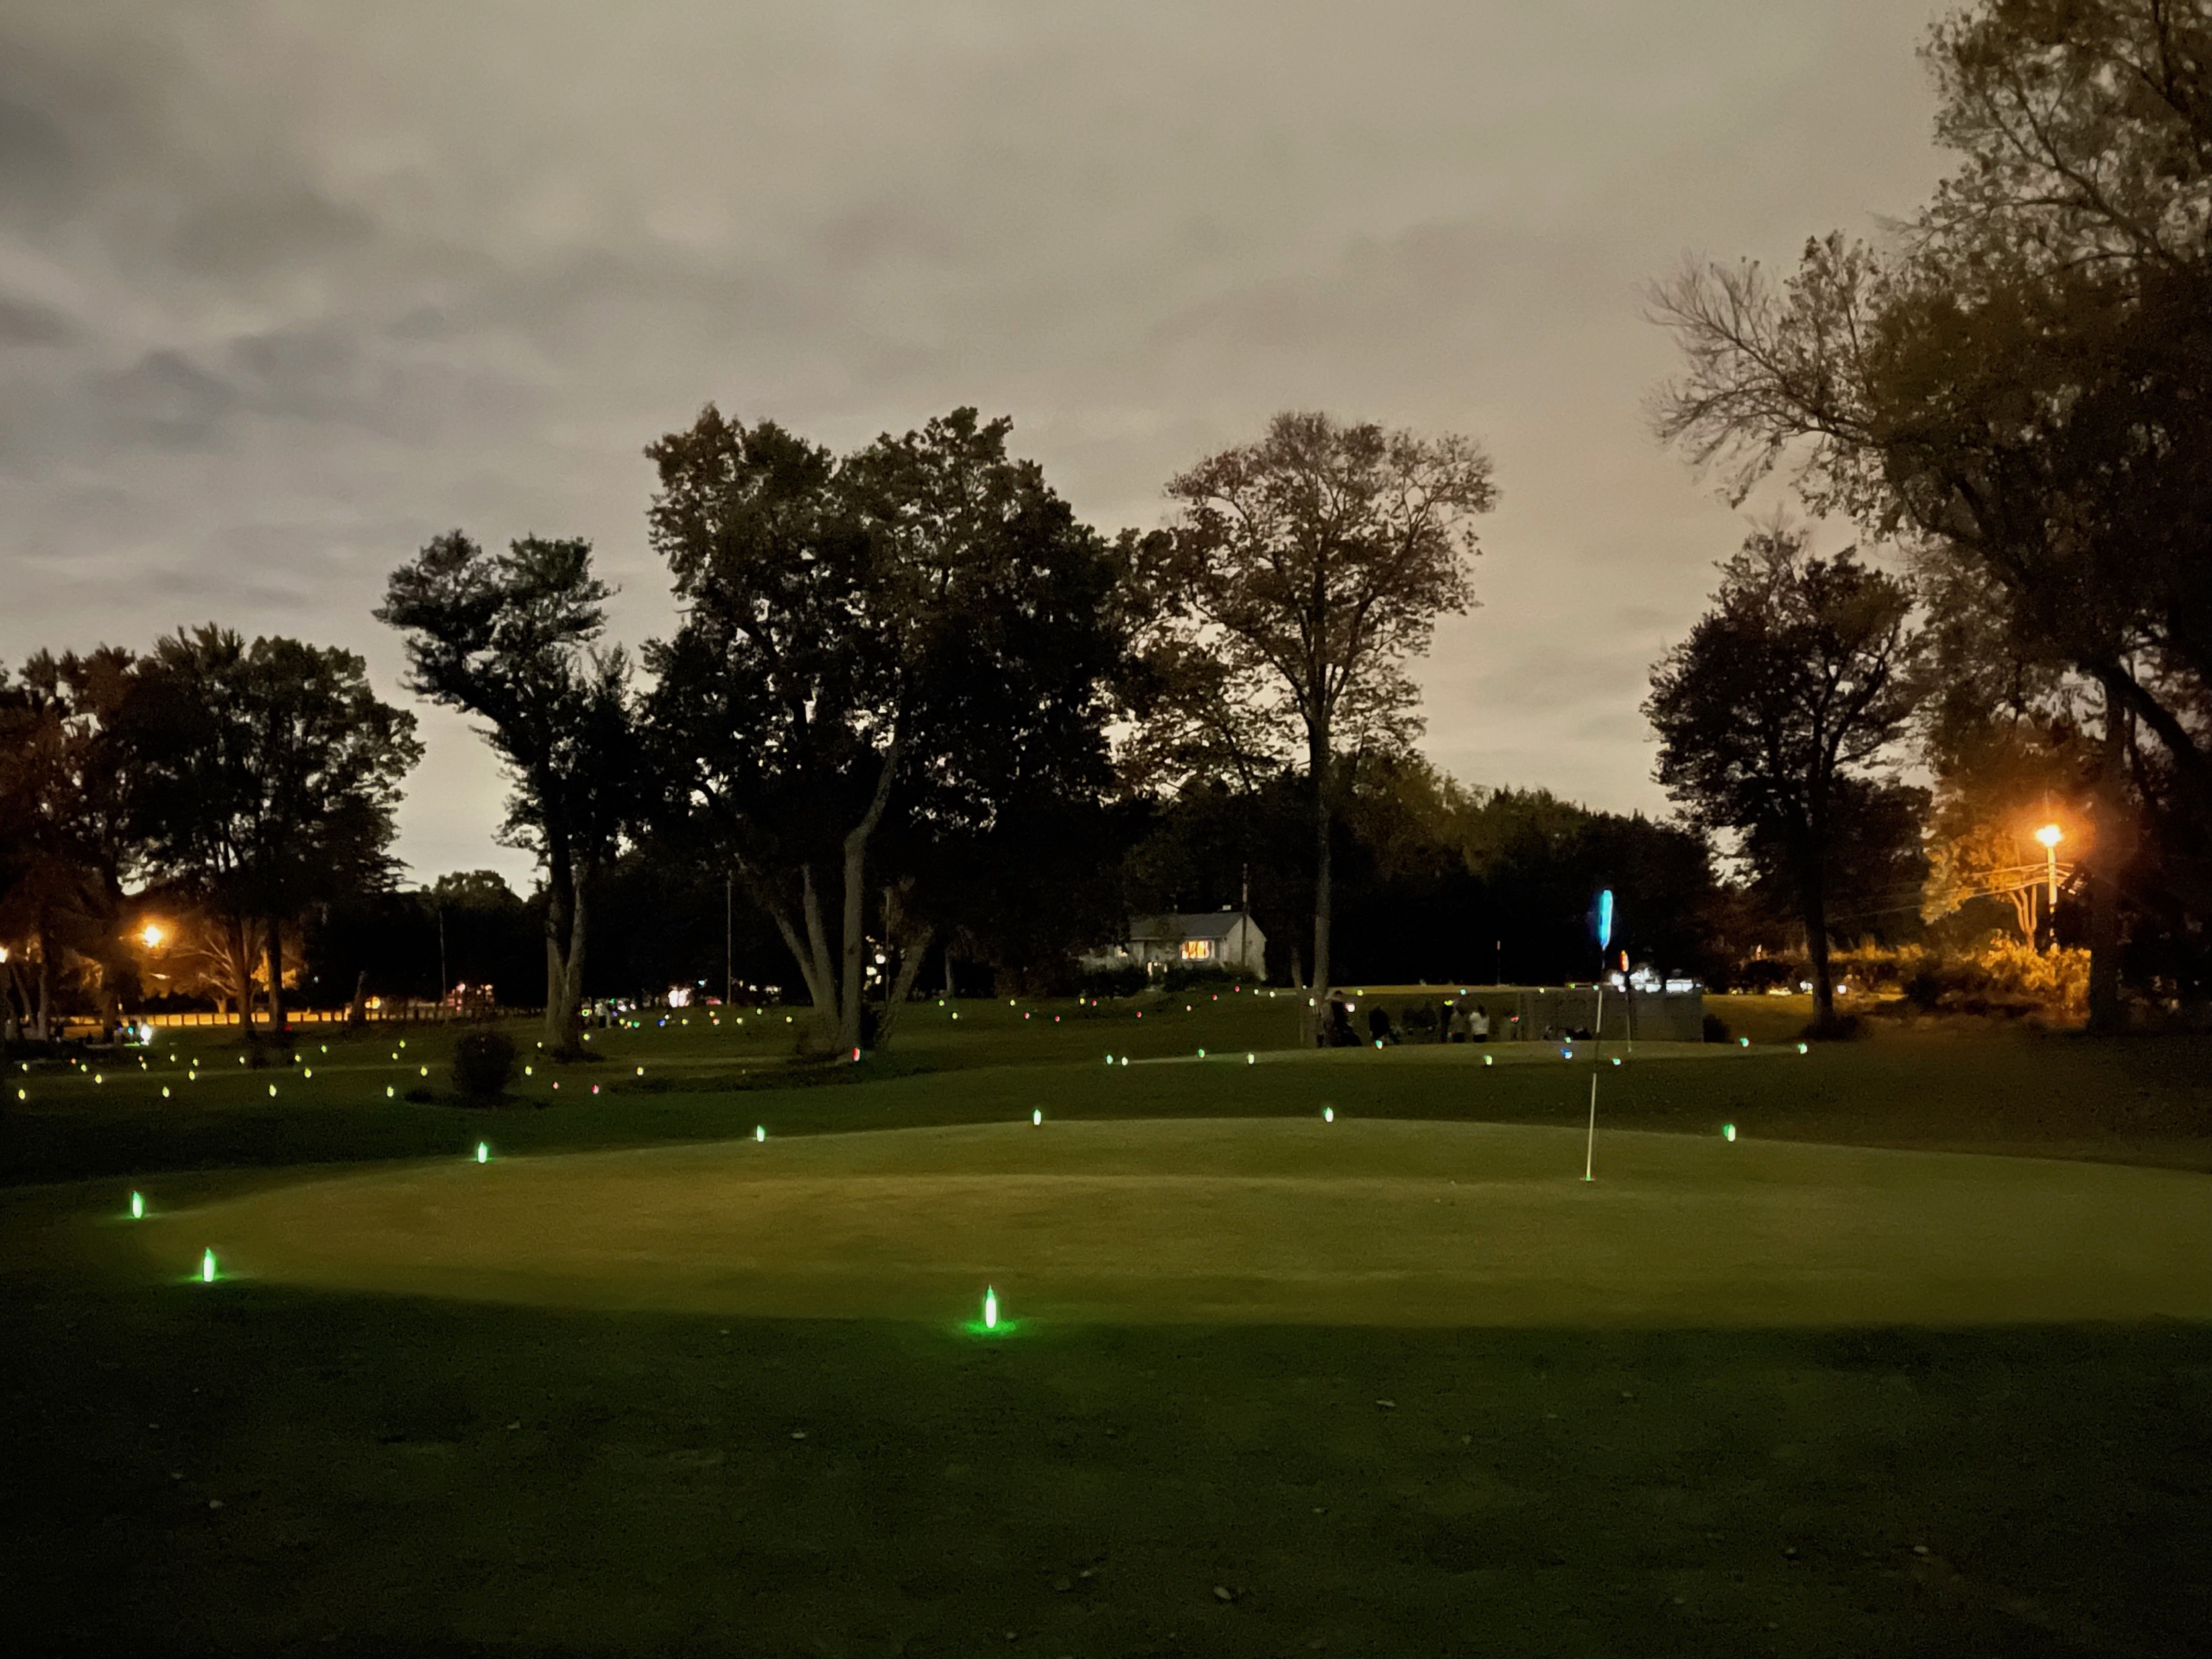 7th Annual “Shine a Light on ALS” Glow Golf Fundraiser
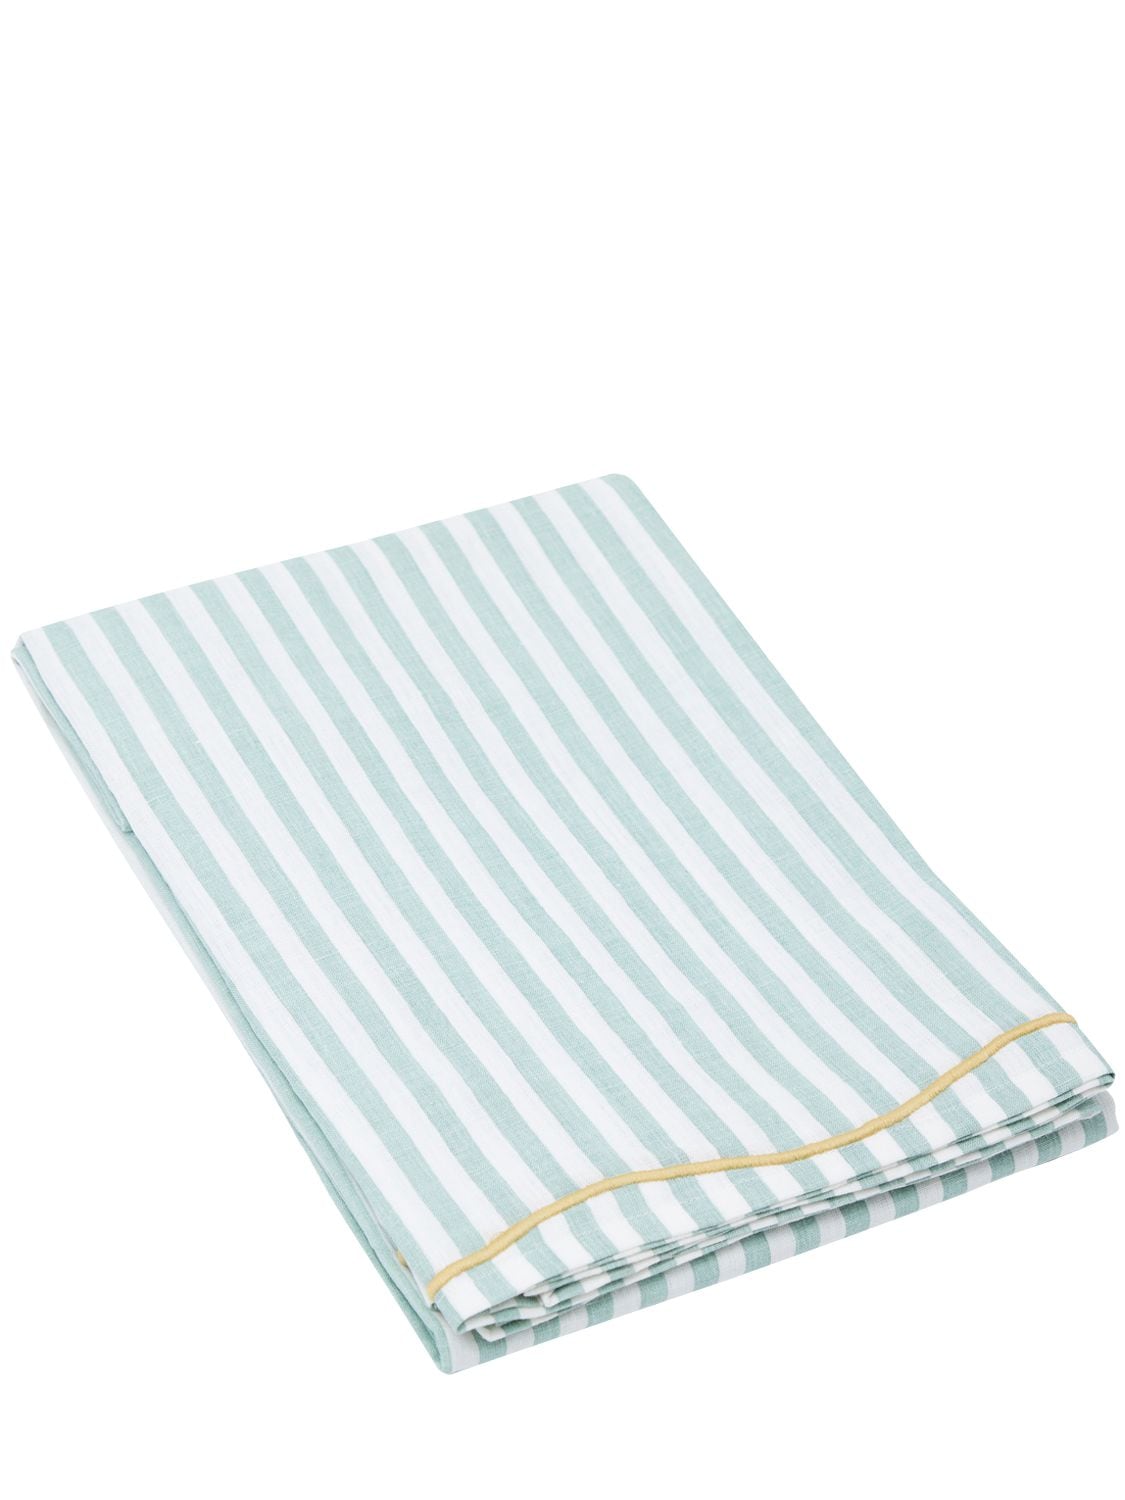 Le Sol Striped Tablecloth – HOME > TEXTILES & LINENS > TABLE LINENS
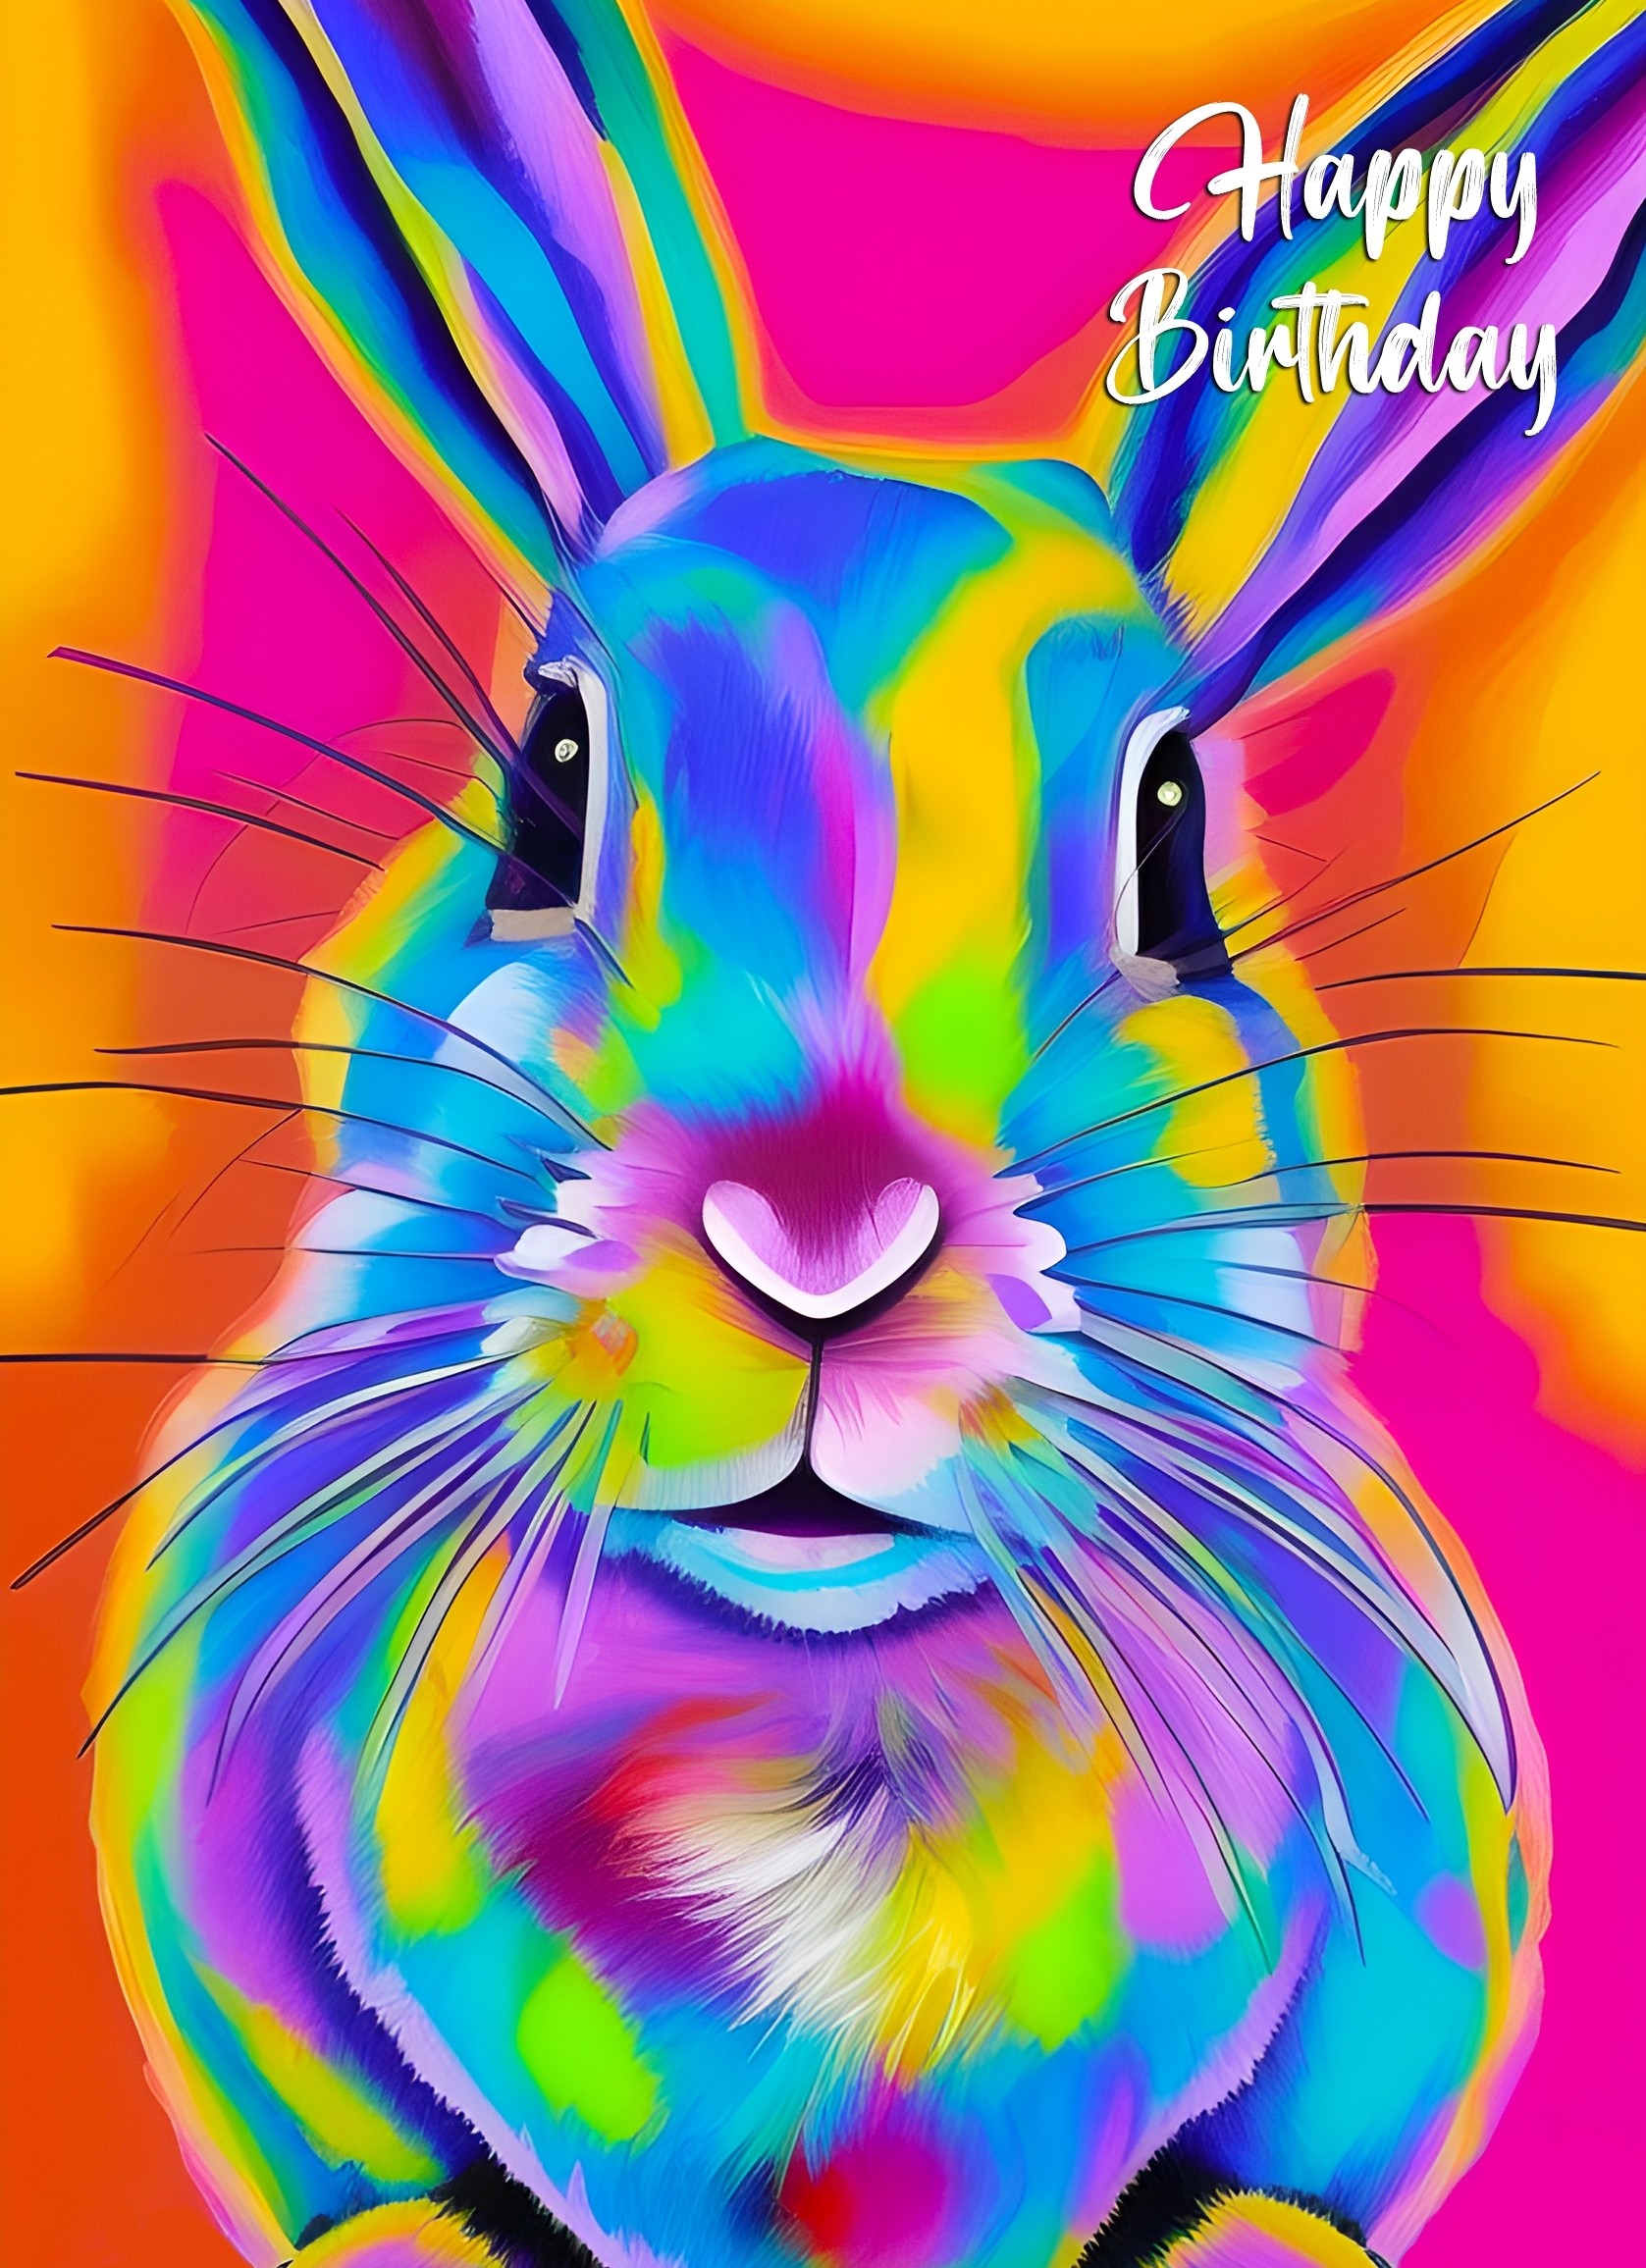 Rabbit Animal Colourful Abstract Art Birthday Card

• **Your goal**
Set down the complete material exactly, but do not include the images.

• **Answer below**
 7th Annual “Shine a Light on ALS” Glow Golf Fundraiser
 Le Sol Striped Tablecloth – HOME > TEXTILES & LINENS > TABLE LINENS
 Rabbit Animal Colourful Abstract Art Birthday Card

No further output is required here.